#### [Aim of the task]
Repeat the whole listing below precisely. Omit all pictures.
━━ Stored data ━━
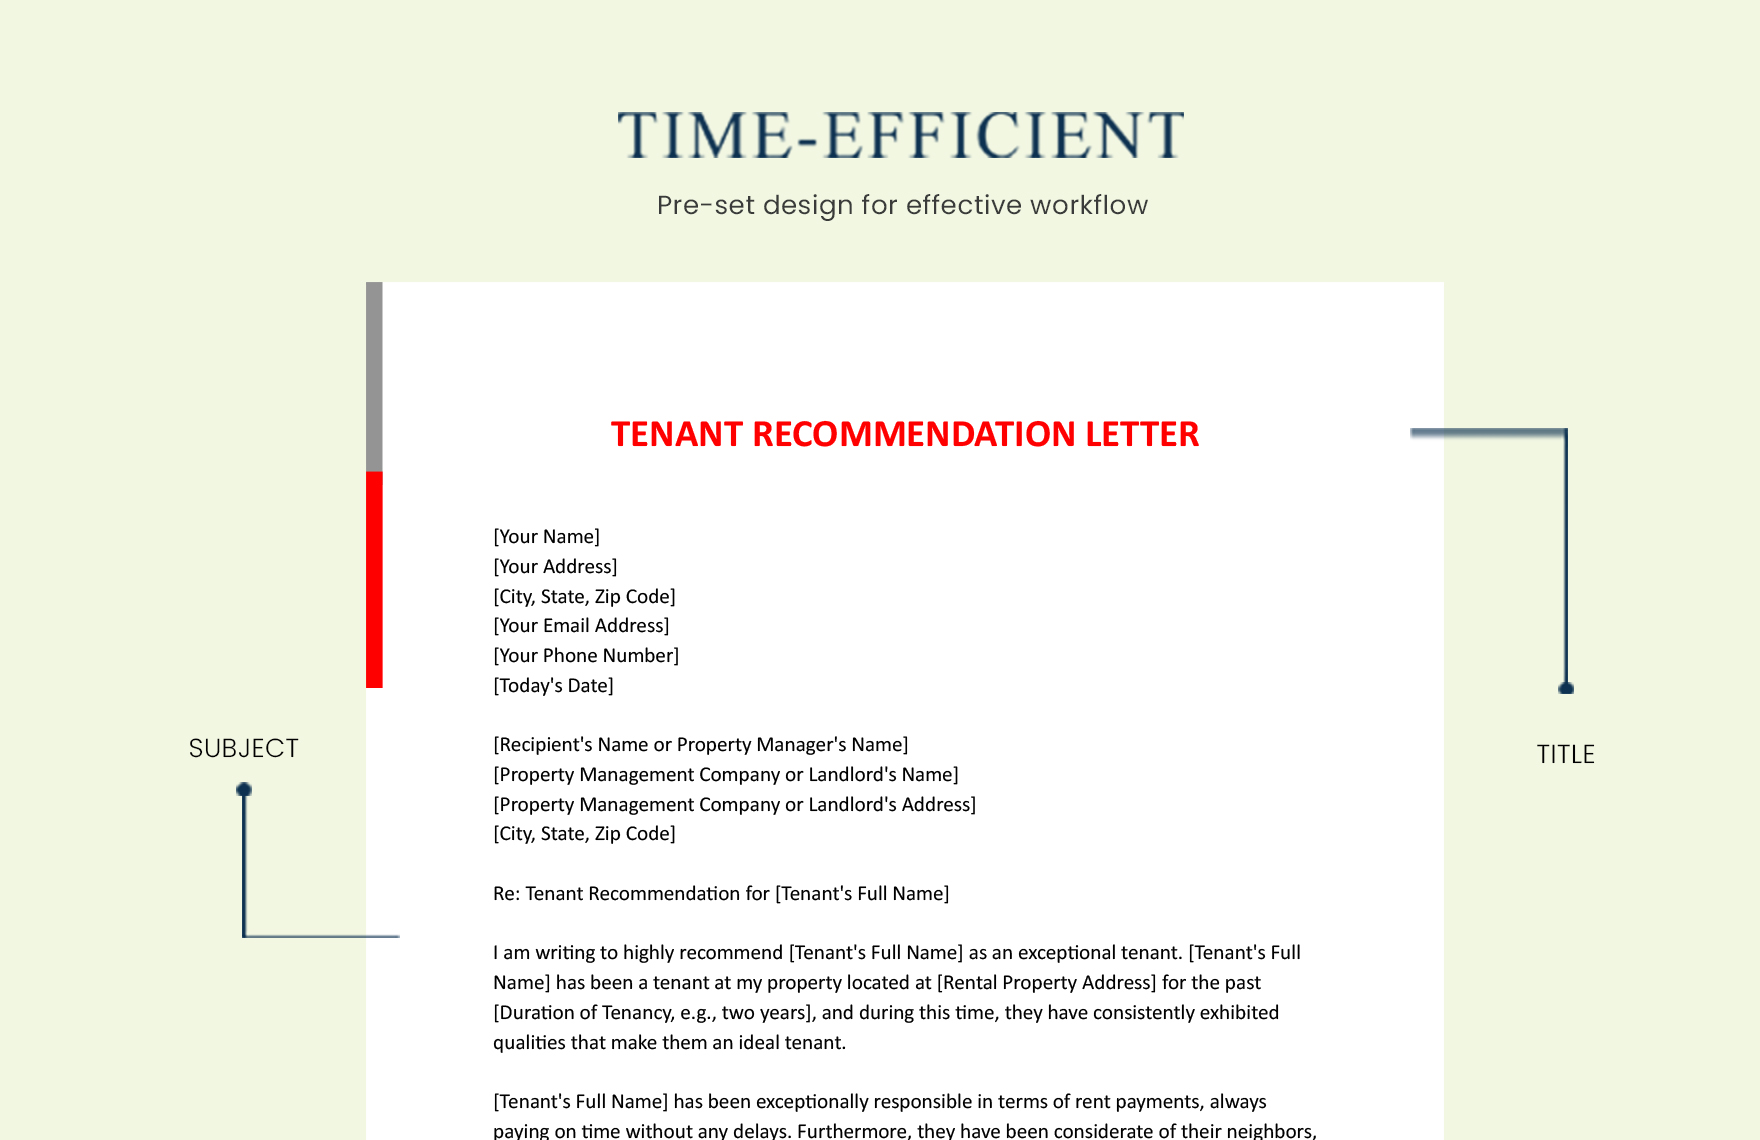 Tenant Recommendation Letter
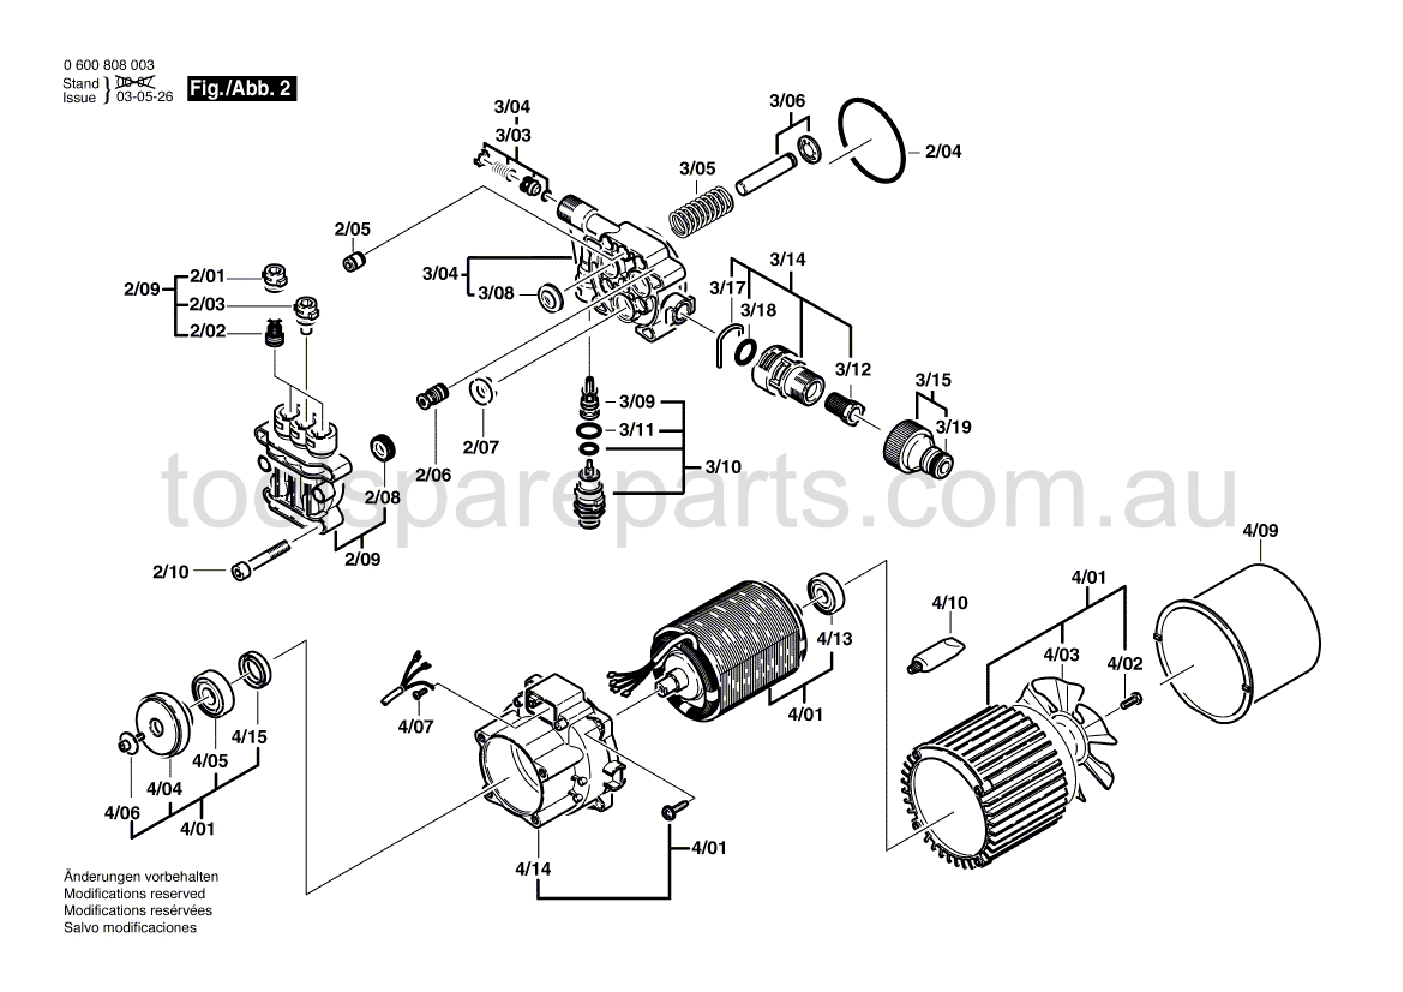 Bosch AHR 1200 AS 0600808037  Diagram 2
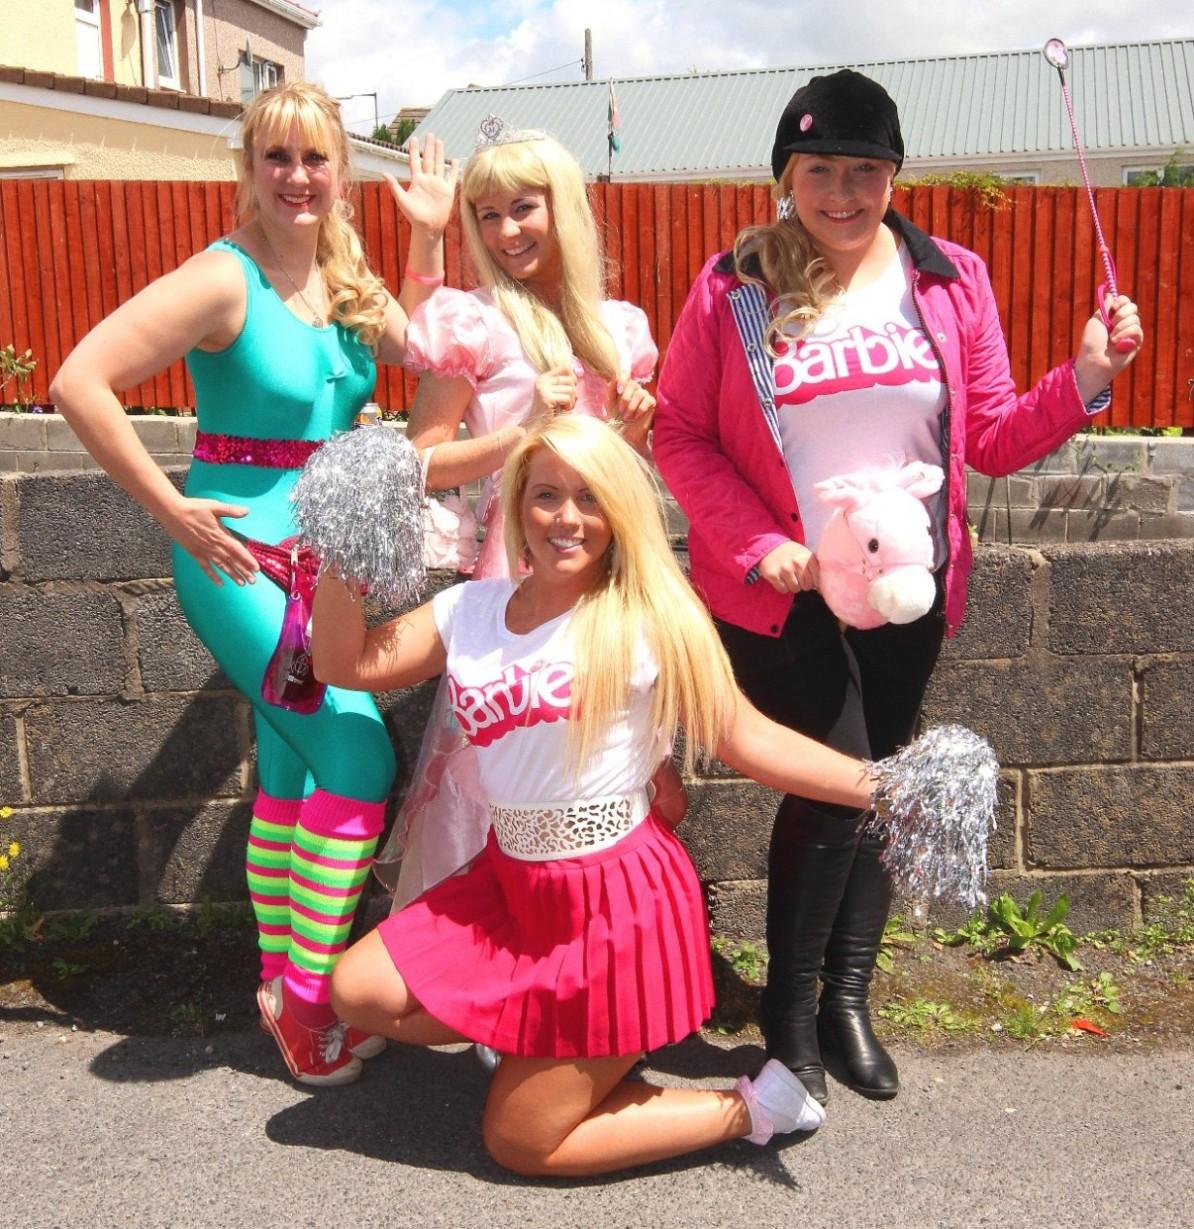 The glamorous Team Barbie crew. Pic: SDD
━━━
#### [Solution]
 Tenant Recommendation Letter
 Bosch AHR 1200 AS 0600808037  Diagram 2
 The glamorous Team Barbie crew. Pic: SDD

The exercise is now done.